One of the biggest potential tax pitfalls faced by small businesses as they are getting started also is perhaps the most avoidable, according to the experts.

Many fledgling small-business owners fail to track their business and personal finances independently, explained Joseph Mastriani, shareholder with Allentown accounting firm Buckno Lisicky & Co.

“The No. 1 mistake I see small-business owners make is not separating their business income and expenses from their personal and maintaining a single bank account that commingles business and personal activity,” he said. “This practice invites potential missed tax deductions, unreported income and increased scrutiny by the IRS [Internal Revenue Service].”

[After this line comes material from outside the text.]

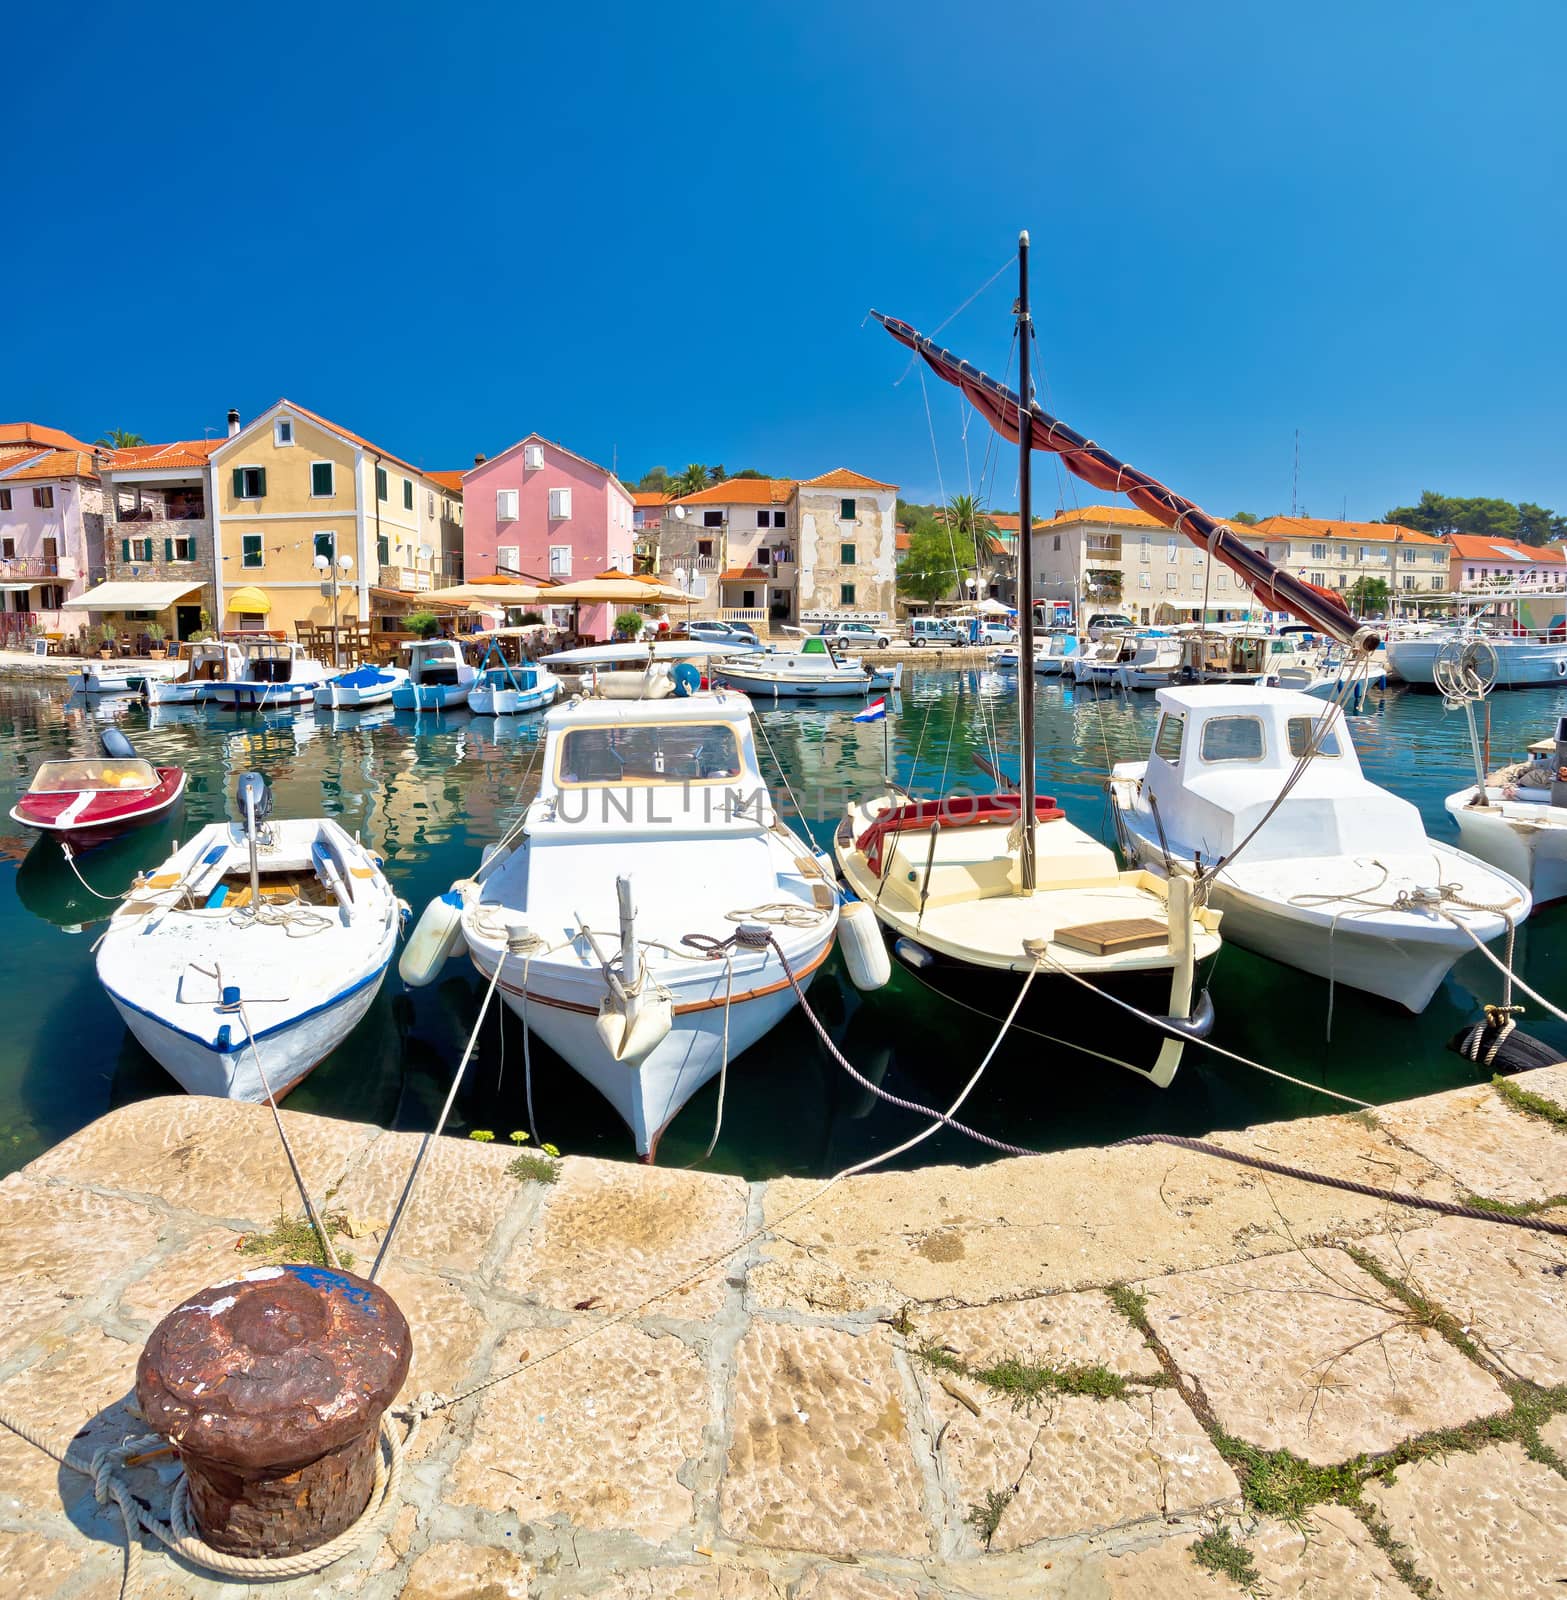 Town of Sali on Dugi otok island, Dalmatia, Croatia

Starting a small business is daunting enough for an owner, but keeping an eye on tax obligations is important. Experts advise to keep things organized, investing in the right technology tools to support the financial side of their operations, and not being afraid to seek out the support of experts when needed.

Experts also said that hiring an accountant is not mandatory when starting a business and suggested that most small-business owners should be able to handle day-to-day accounting on their own, using off-the-shelf computer programs.

Thomas Kauffman, a partner and leader of the tax services group for Reinsel Kuntz Lesher LLP, stressed the importance of good record-keeping.

“If the IRS audits you, you do not want to wing it,” said Kauffman, a Certified Public Accountant based in RKL’s Wyomissing office. “When things aren’t separate, then it really becomes a lifestyle audit, and they will go through your personal bank records.

“They are looking for unreported income. The more you can have good records for just your business is just extremely important.”

Andrew P. Kahn, a CPA at Concannon Miller, Hanover Township, Northampton County, suggested that small-business owners buy accounting software such as QuickBooks.

“Get trained on how to use it and record the activity daily so you can analyze the operating results and be proactive,” said Kahn, a shareholder at Concannon Miller.